[ASRG] [toasty@dragondata.com: Re: Remembering history passwords may be bad, but they are getting worse]

Simson L. Garfinkel slg at ex.com
Tue Jul 29 22:05:29 EDT 2003


What would be interesting to me would be to know who the attackers are.
I mean, are they other pornographers, users who want to get free stuff, 
or are they anti-pornographer crusaders?


On Monday, July 28, 2003, at 12:33  PM, David G. Andersen wrote:

> Once again, the porn industry is at the forefront of Internet
> research. ;-)  (Kind of a cool read)
>
> ----- Forwarded message from Kevin Day <toasty at dragondata.com> -----
>
> Date: Mon, 28 Jul 2003 00:39:35 -0500
> From: Kevin Day <toasty at dragondata.com>
> Subject: Re: Remembering history passwords may be bad, but they are
>   getting worse
> To: Sean Donelan <sean at donelan.com>
> Cc: nanog at merit.edu
> X-Sender: toasty at mail.dragondata.com
> X-Virus-Scanned: by amavisd-new
>
>
>
>> The problem is fewer and fewer modern systems implement the other
>> recommendations.  So password lifetime has become the primary 
>> protection
>> factor.
>>
>> How many systems notify the user
>>   - the date and time of user's last login
>>   - the location of the user at the last login
>>   - unsuccessfull login attempts since last successful login
>> How many web systems control the rate of login attempts
>>   - by source
>>   - by userid
>> How many web systems notify anyone or block the account after N
>> unsuccessful login attempts either temporarily or permanently
>
> Sean:
>
> I run one of the larger adult websites, that has a reputation for being
> very difficult to acquire passwords for.
>
> The kind of attacks we see now aren't solved by any of the above. We
> throttled the number of login attempts per IP, then the attackers 
> switched
> to using proxy servers. Tens of thousands of them at once. Our 
> database of
> IP addresses that have had more than 100 bad login attempts is now 
> around
> 100,000. (Most of which are all now banned completely).
>
> We also tried put rate limiting on login attemps by username. This 
> allowed
> any idiot to lock any of our legit customers out of the system whenever
> they want, providing an easy denial of service, so this was scrapped 
> pretty
> quickly.
>
> The attacks we see now are... well orchestrated. 10-50,000 proxy 
> servers
> all making login attempts at once, rather slowly. 10-50 login attempts 
> per
> second, each from a different proxy. Still slow enough per IP that it
> doesn't hit our threshold for how many bad logins per IP per hour we 
> allow,
> but enough attempts that just by trying seemingly random 
> username/password
> combinations they get a couple of successes a day. We've also seen 
> people
> trying what appear to be known good username/password combos that were
> presumably acquired from other sites that were compromised in some way.
>
> We keep detailed histories of all the login attempts per IP, and can
> eventually weed out the exploited proxies from actual users, but this 
> takes
> an incredible amount of our time, CPU time and database storage just to
> manage.
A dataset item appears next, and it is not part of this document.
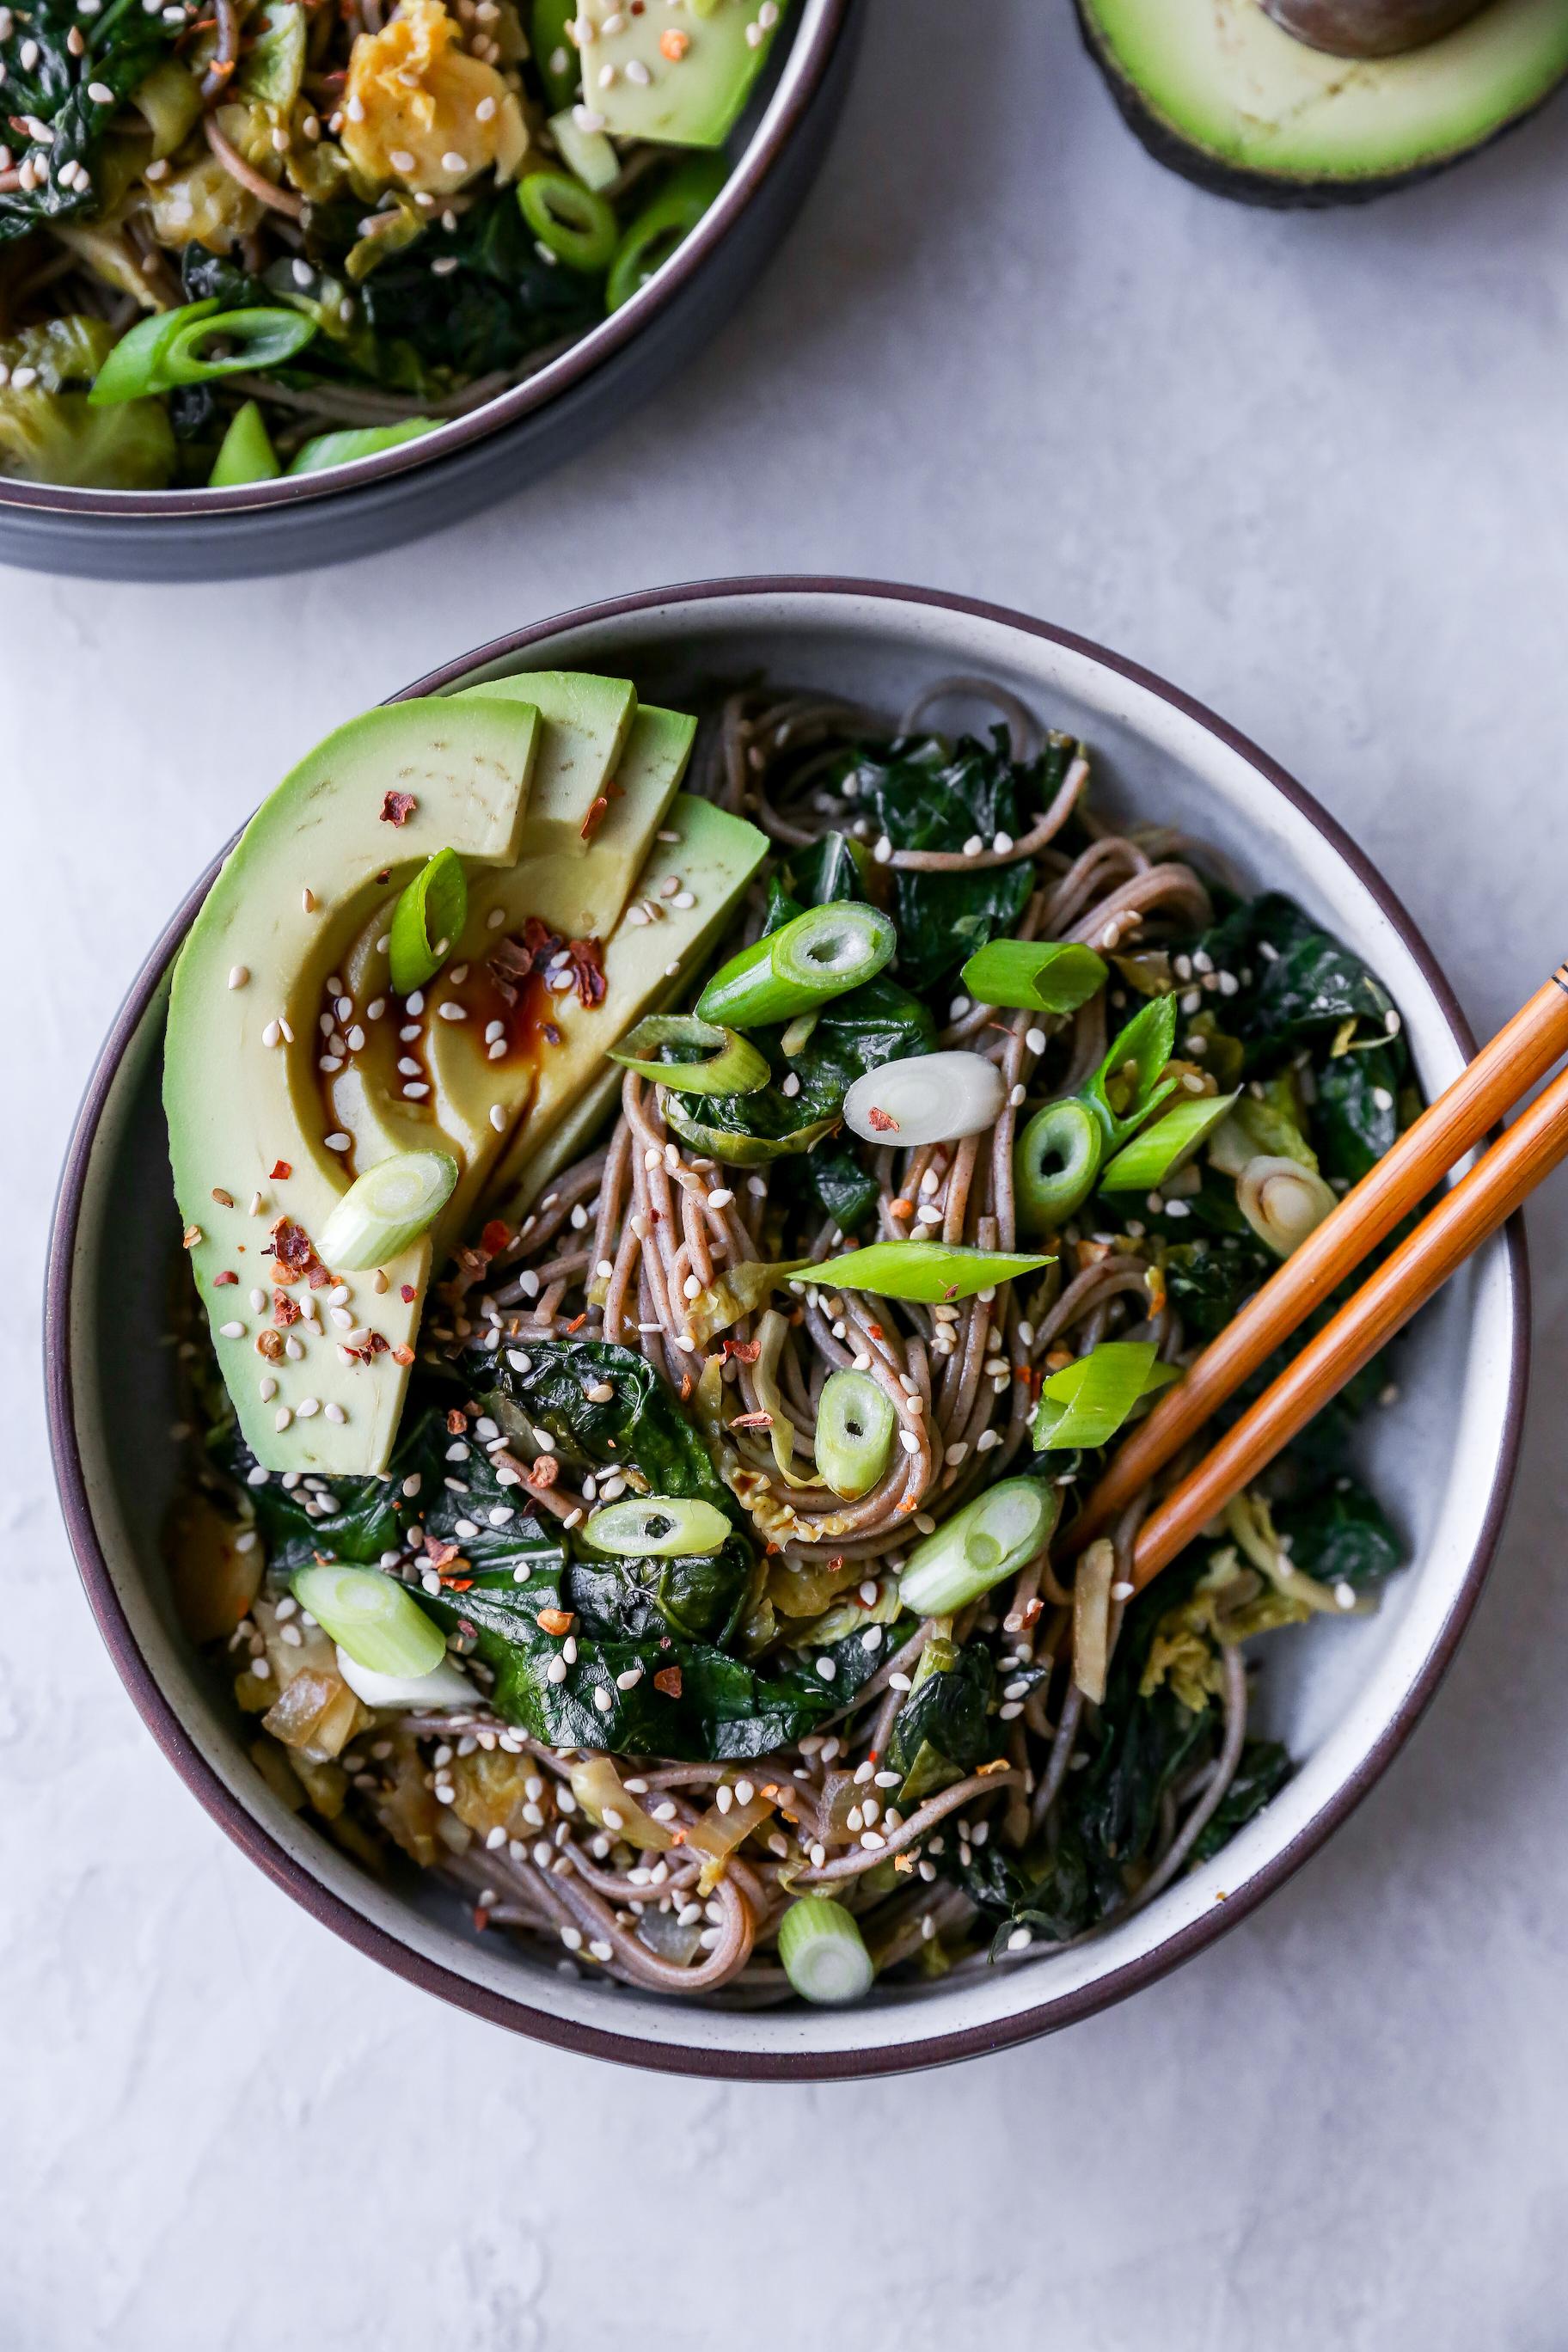 Warm Soba Noodle Salad with Greens & Avocado

A few weeks ago, after we tightened our login attempt limits,
> whoever is doing this decided to point all the proxies to a public URL 
> that
> was very database intensive, and requested it over and over
> again(apparently to get revenge/in frustration), killing our database
> server for several hours until I figured out what was going on.
>
> We tried putting up something that was displayed to users showing their
> last login time and IP, in hopes that some would notice their account 
> being
> used by others. Many ISP's force users to go through a proxy server,
> usually without their knowledge. We'd report the IP address that we saw
> (the proxy server) which would freak out many users because it didn't 
> match
> their system's IP. The login time is apparently meaningless to most 
> users,
> who didn't seem to keep track of when their last login in.
>
> We do have our tricks to detect when an account has been compromised, 
> but
> they're not 100% accurate, so it usually comes down to having to wait 
> until
> our friendly hacker and his 500 closest buddies are all sharing the 
> account.
>
> We're taking steps to make brute force attacks like that impossible 
> (forced
> random passwords, etc) but we've found that many users won't tolerate 
> not
> being able to choose their own password. If forced into it, they forget
> their passwords very easily and the support costs from dealing with
> password recovery are generally higher than passwords leaking out.
>
> While the recommendations you listed are probably worthwhile to stop 
> some
> attacks, they're not going to stop people determined enough to get into
> SOME account if they're not picky on which one.
>
> -- Kevin
>
>
>
>
> ----- End forwarded message -----
>
> -- 
> work: dga at lcs.mit.edu                          me:  dga at pobox.com
>       MIT Laboratory for Computer Science           
> http://www.angio.net/
>       I do not accept unsolicited commercial email.  Do not spam me.